======== The records
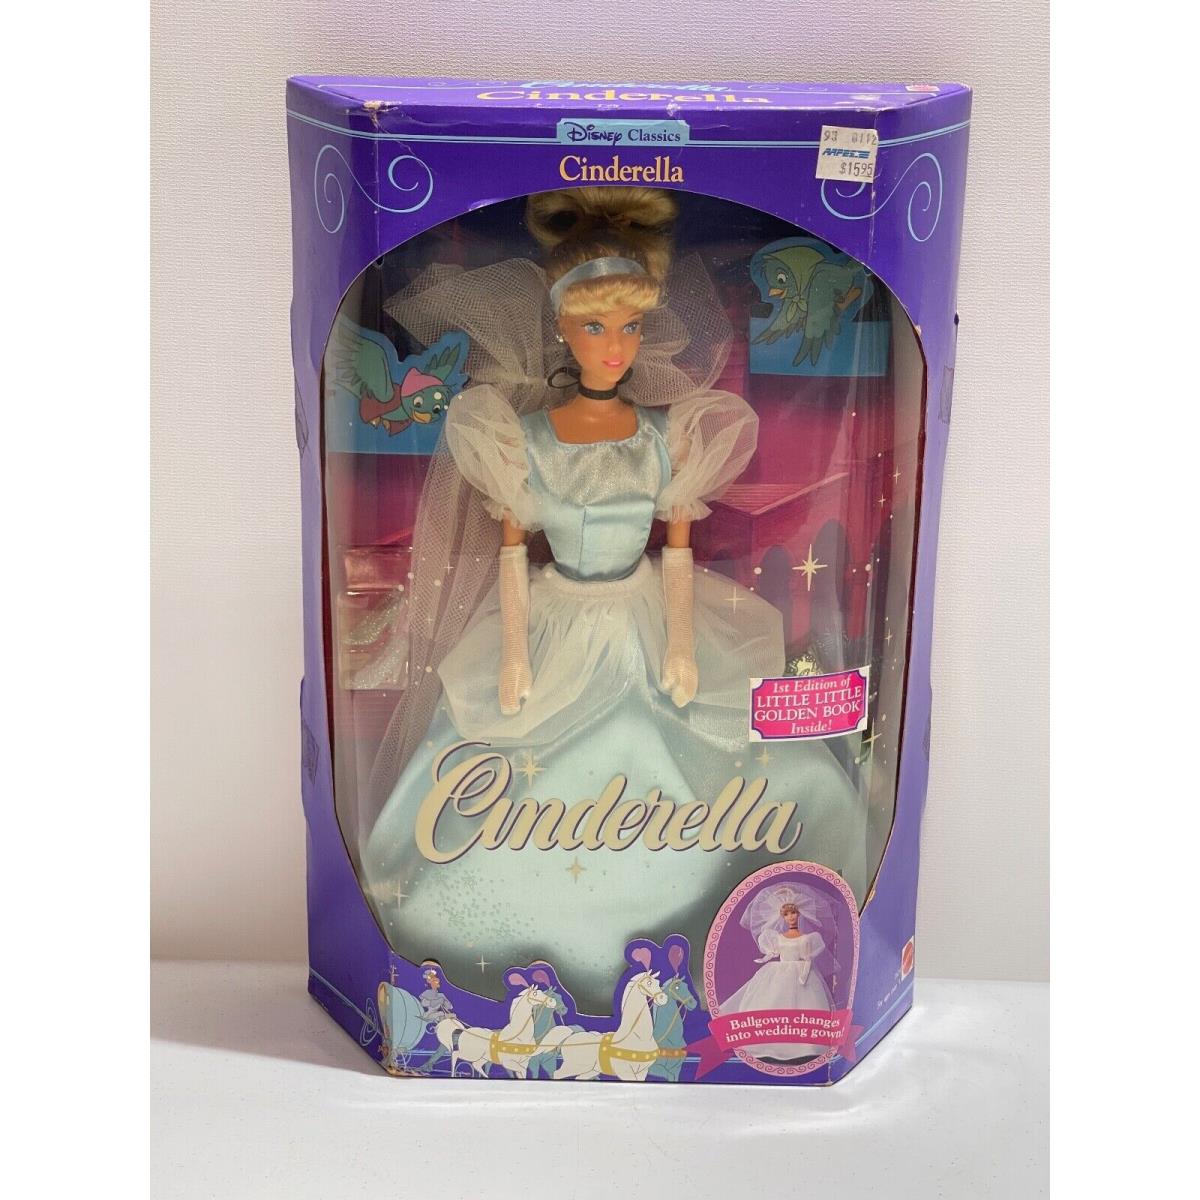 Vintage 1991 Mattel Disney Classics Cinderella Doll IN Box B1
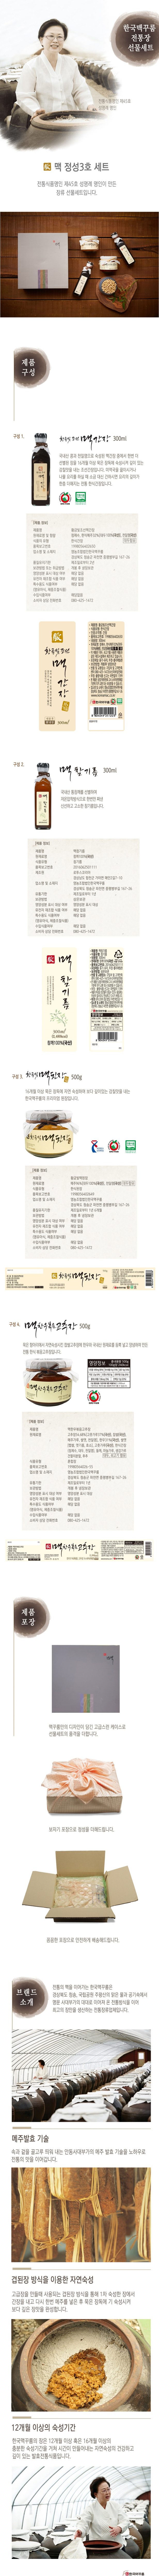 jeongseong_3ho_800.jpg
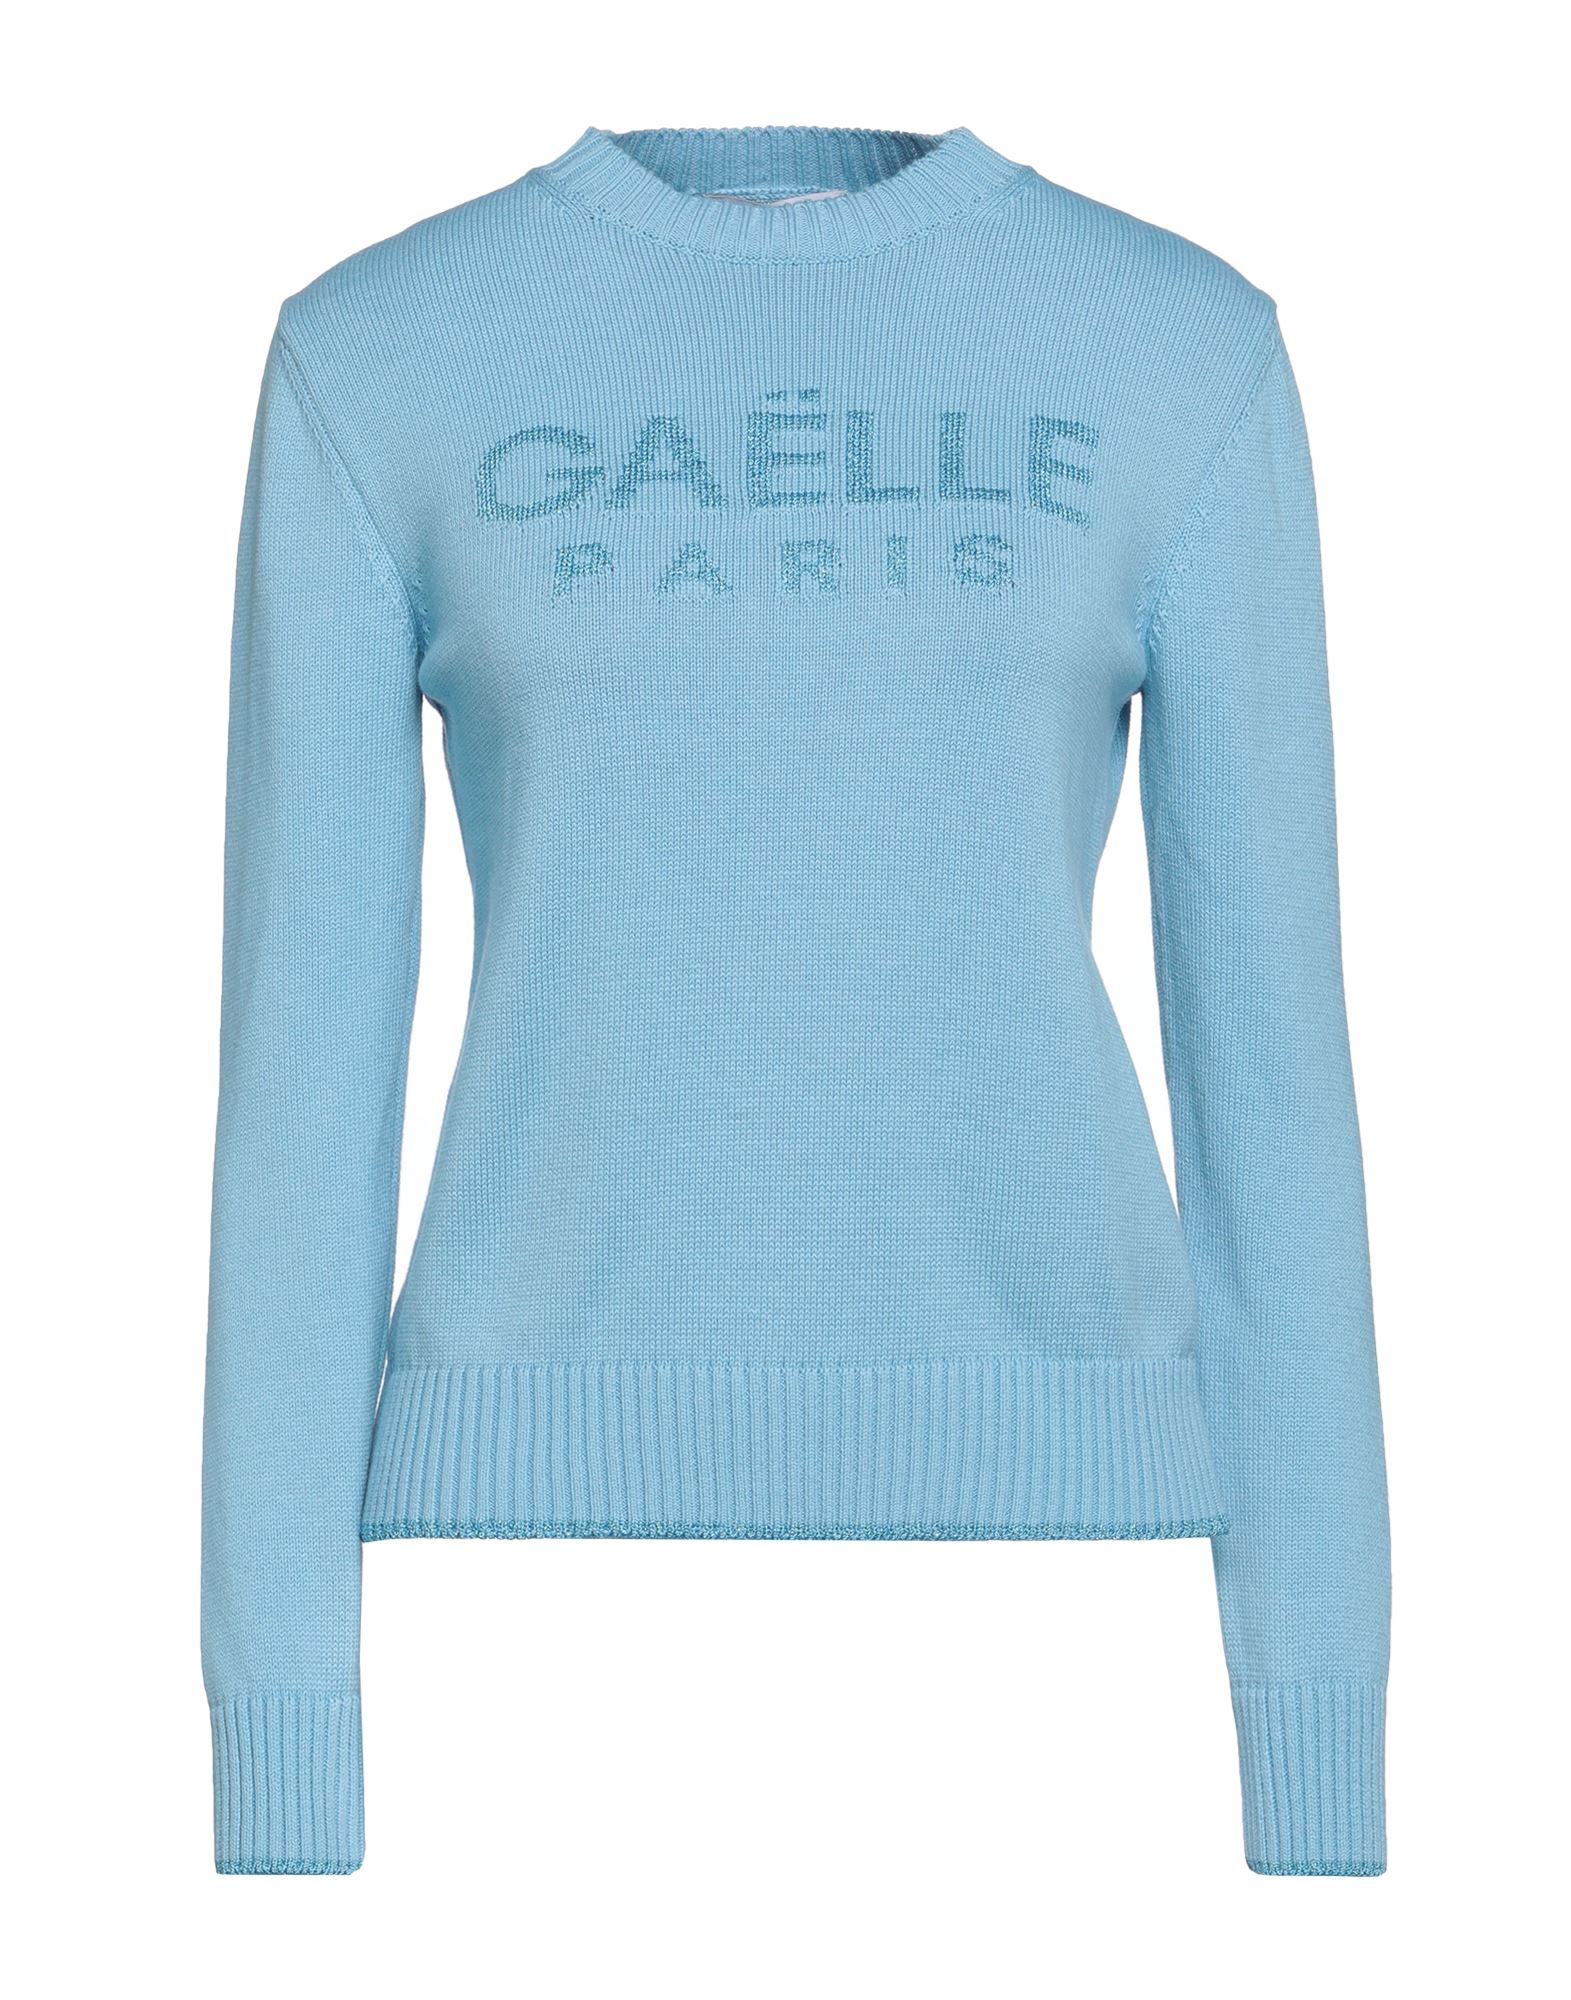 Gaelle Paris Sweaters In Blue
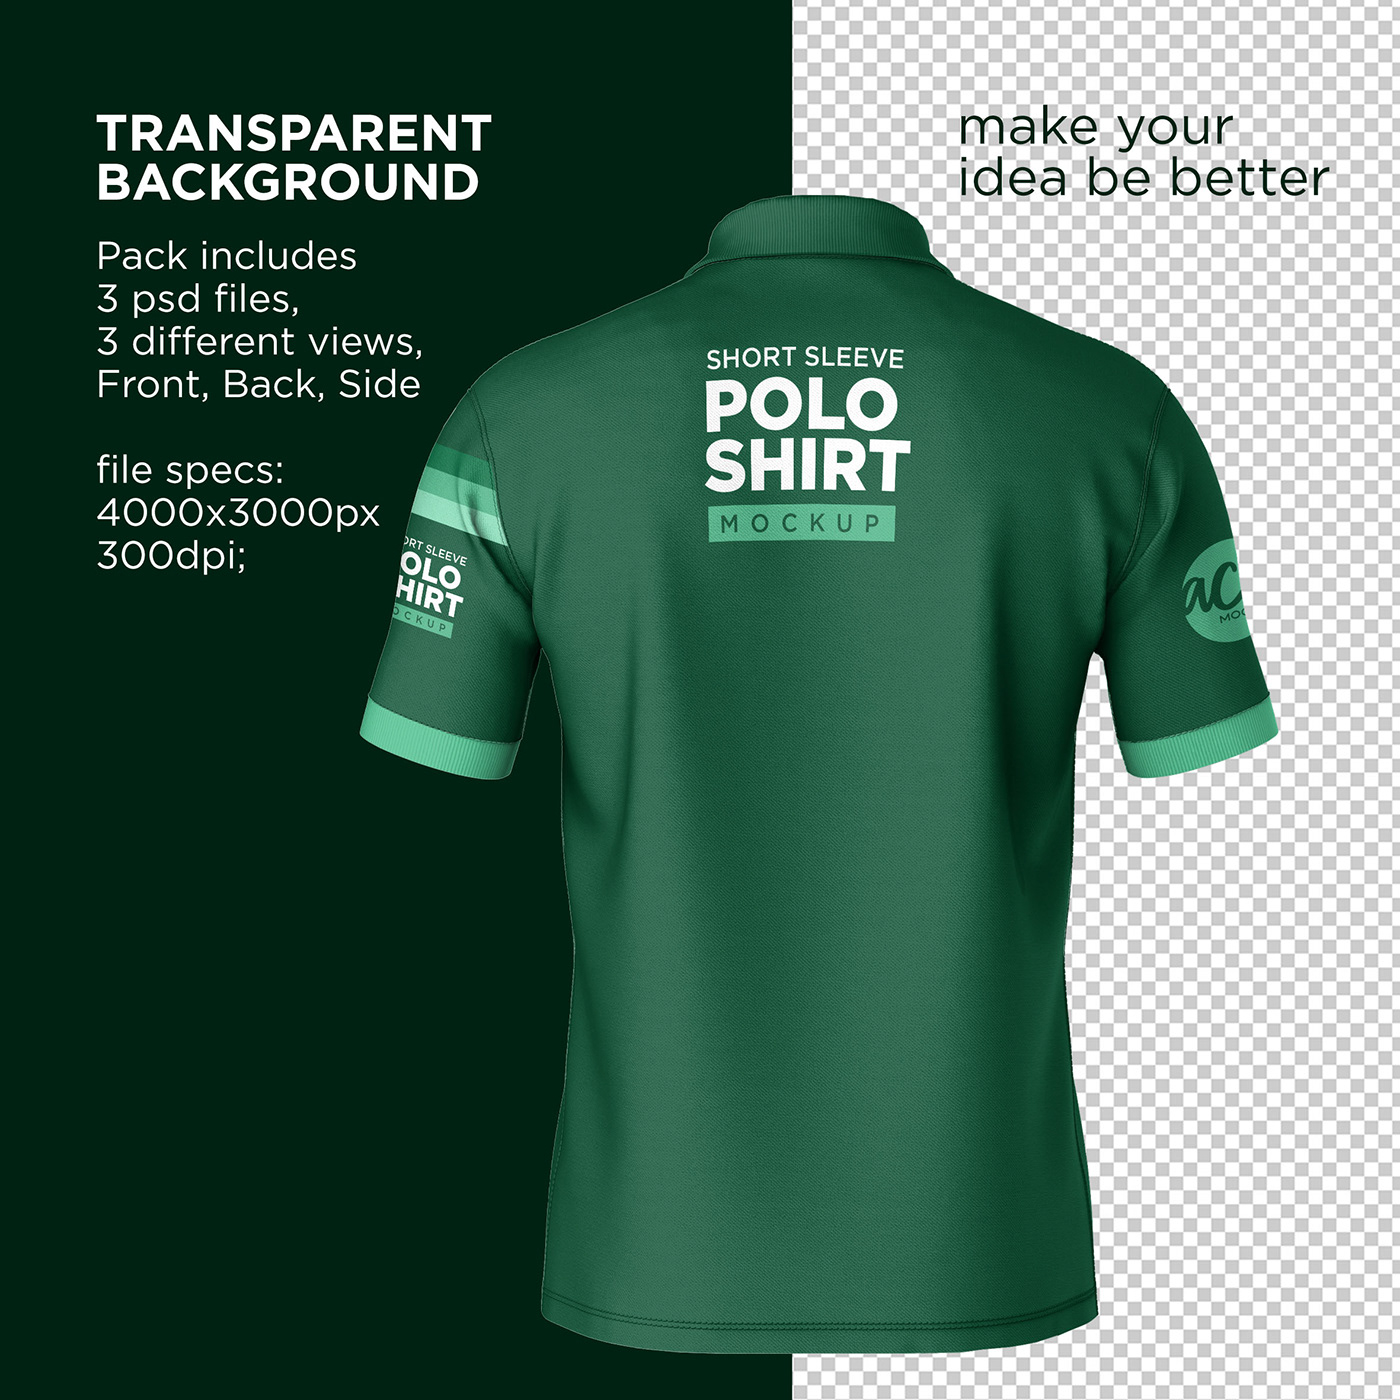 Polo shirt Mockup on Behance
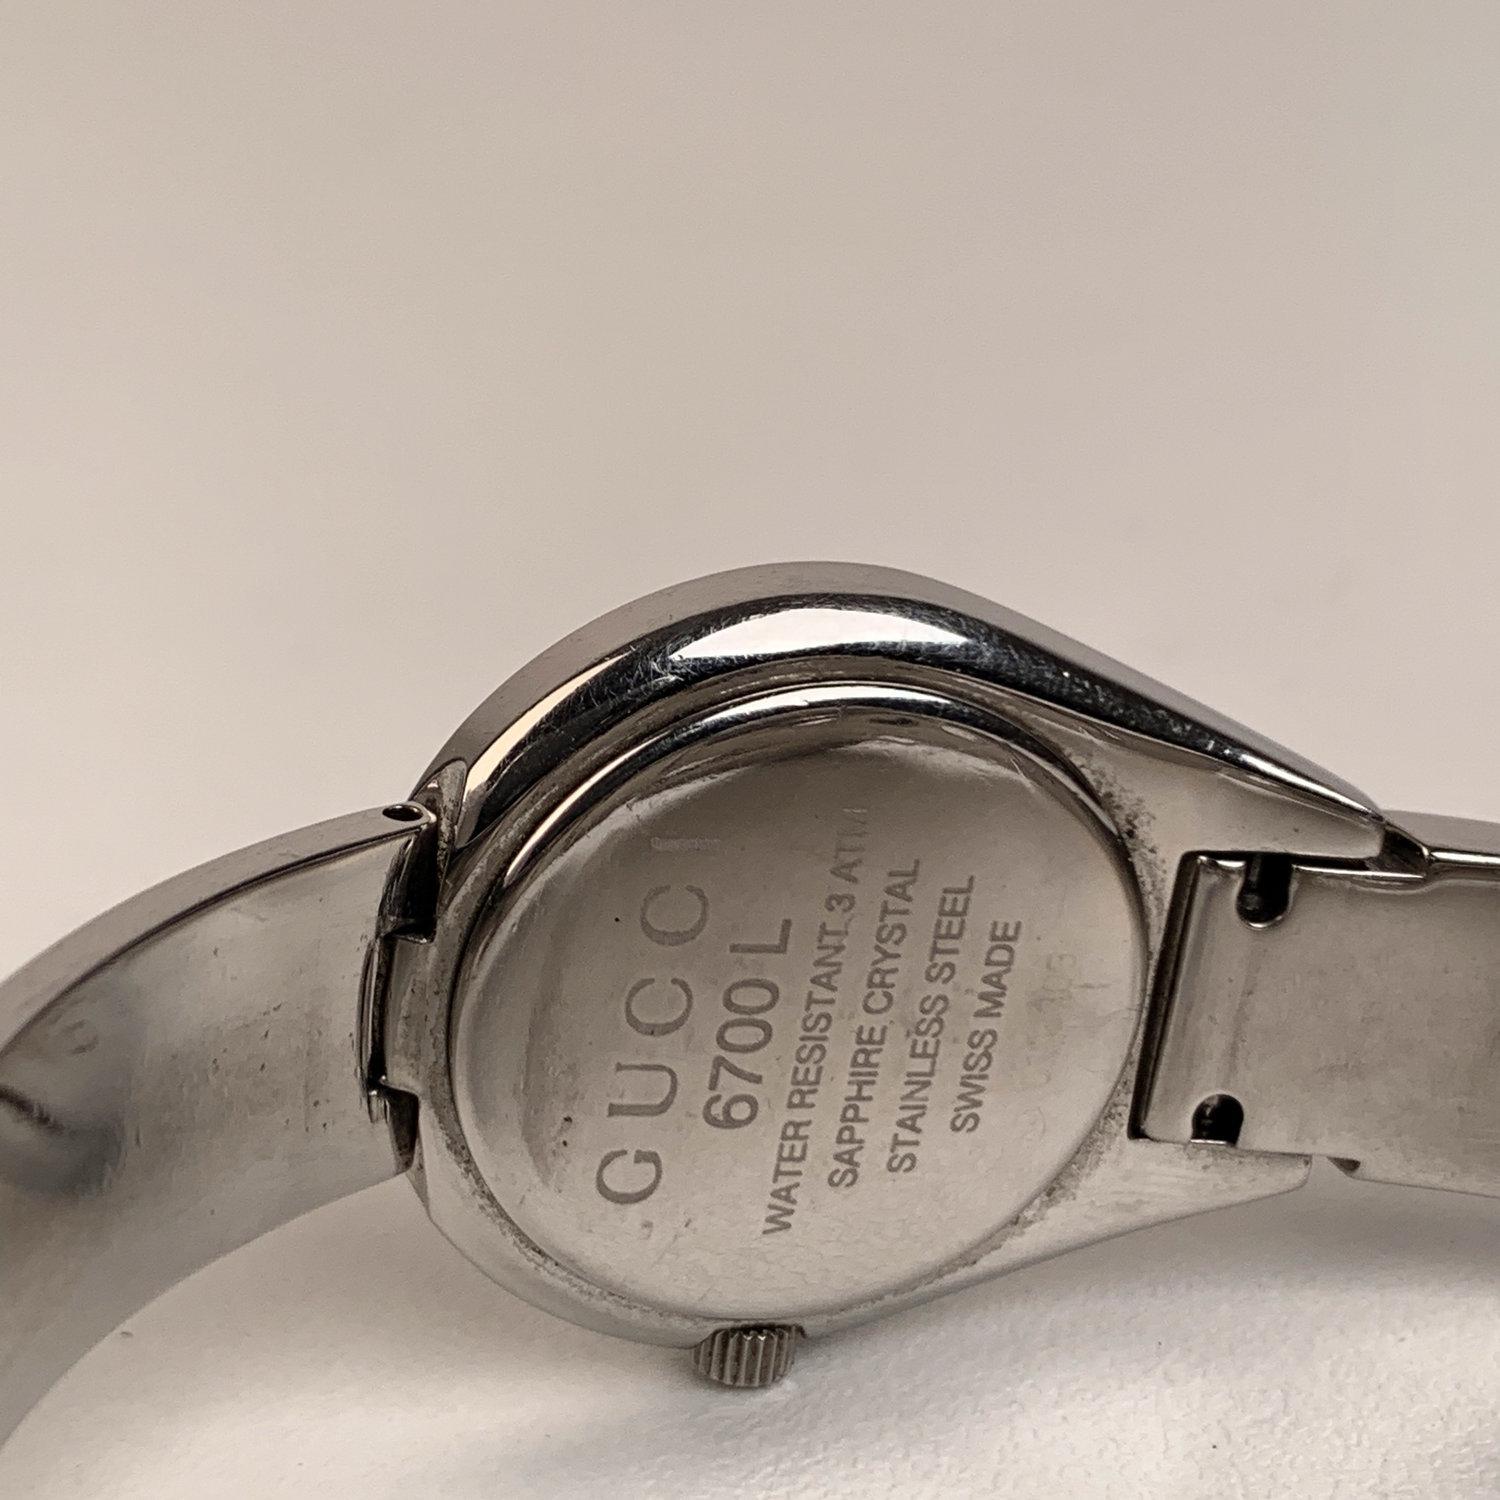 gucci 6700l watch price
================
What the exercise asks — In your copy, repeat each record exactly and include no pictures.

Solution —
 Vintage 1991 Mattel Disney Classics Cinderella Doll IN Box B1
 jeongseong_3ho_800.jpg
 Gaelle Paris Sweaters In Blue
 Polo shirt Mockup on Behance
 gucci 6700l watch price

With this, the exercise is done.